The novel III 3, where a married woman secretly loves a man but dares not
communicate with him in any way but she uses a priest who uses as a messenger.
Unlike the novel number 5 the woman conquers the man and gives him a date in his
house without ever two talking or writing.
would discover a moral but not moralistic Middle Ages that spurs on virtue and
faith by not giving too much weight to the small transgressions of private and
daily life.
would discover a Middle Ages not obscure but indeed colourful, joyful and
passionate.
He'd discover a Middle Ages that can laugh with everything he believes in. The
laugh serves as an instrument of liberation and truth.

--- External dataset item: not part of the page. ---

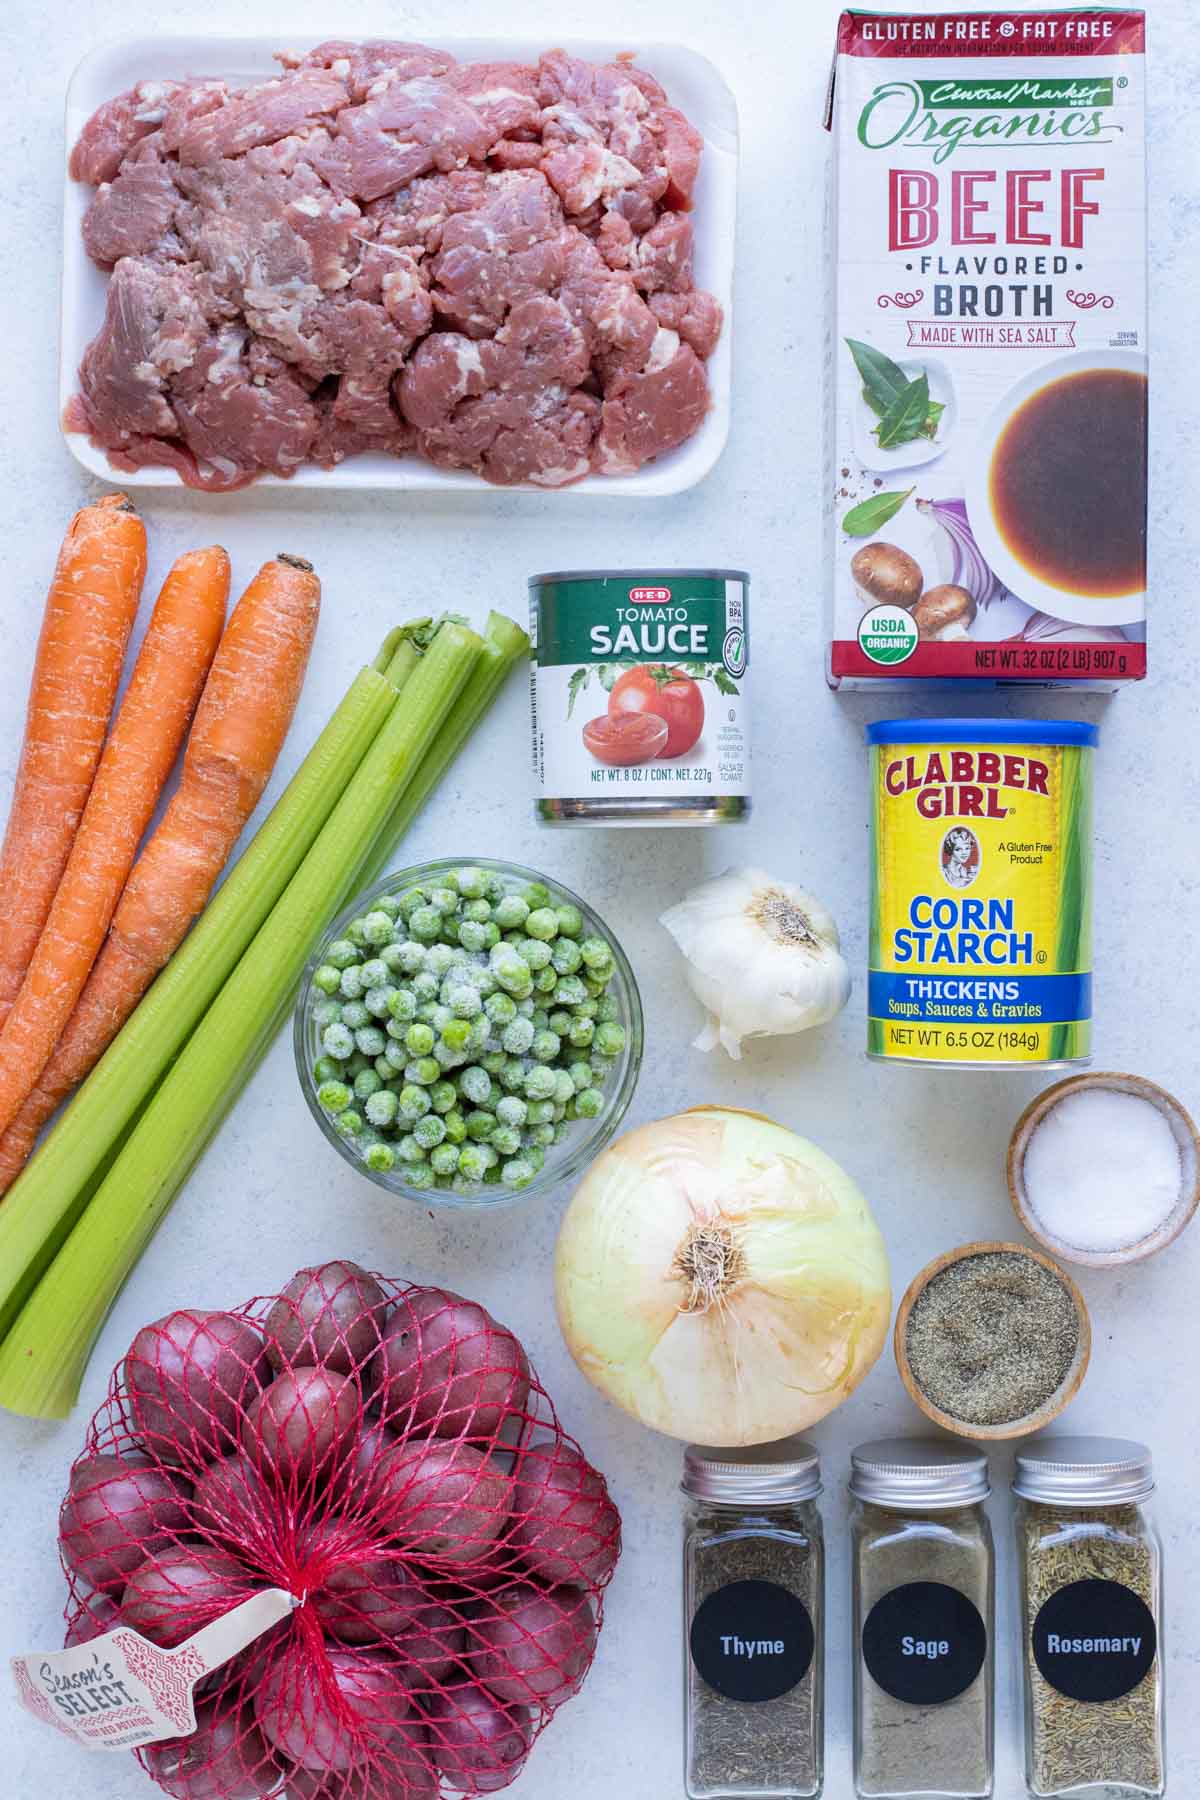 Carrots, celery, potatoes, onion, peas, beef, cornstarch, beef broth, and canned tomatoes are the ingredients for this recipe.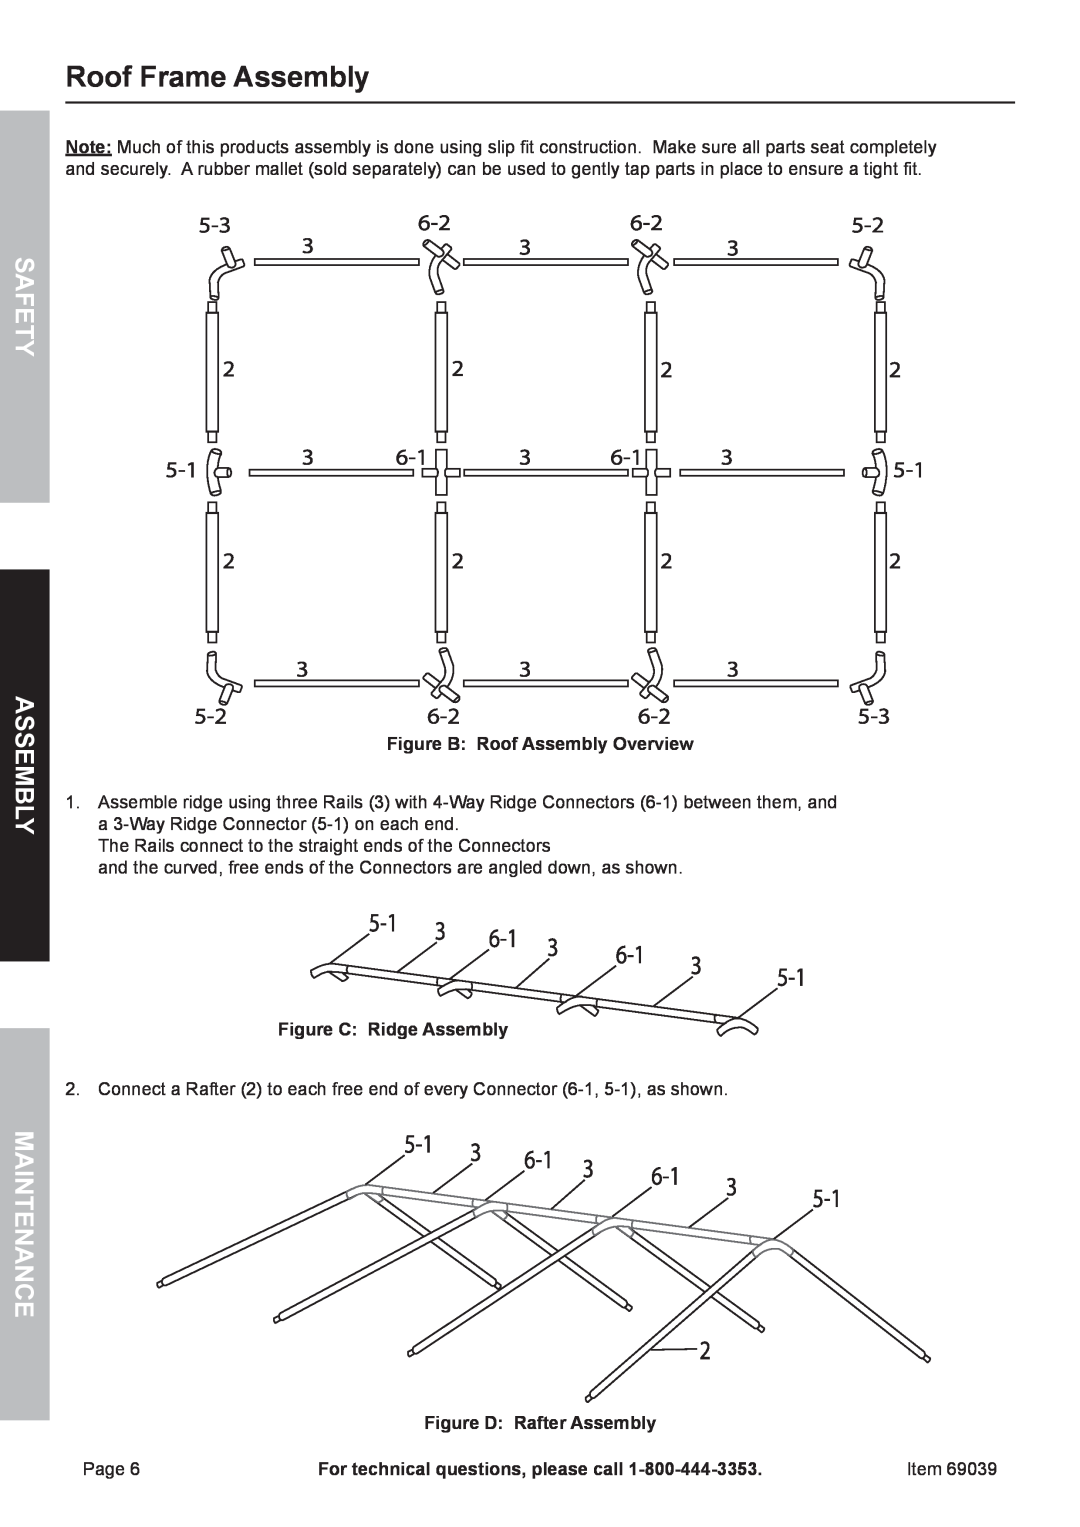 Harbor Freight Tools 69039 Roof Frame Assembly, Figure B Roof Assembly Overview, Figure C Ridge Assembly, Safety Assembly

Those who decide to read the book would discover a work that faces many decisive
questions still alive and open today.
- The Decameron teaches individual freedom and responsibility because none of
our choices are obligatory
- the work teaches that the beautiful and appropriately used word is the best
weapon to defend against the powerful and bullies
- teaches you to look at things from various points of view and to perceive the
complexity of the real
- teaches not to confuse virtual life with real life
- teaches that equality between the different is the prerequisite of any associated
life
The frame and the structure differently from what many believe also confirm in this
aspect maybe the most vital and modern parts of the book: the one that describes the
plague, which encourages to read the Decameron as the great metaphor of a tragic but
also liberating day after (post-war post-atomic death of ideologies) in which a group of
brave young people try to seek and recreate within themselves, in the sign of reason and
nature, the foundations of a new world.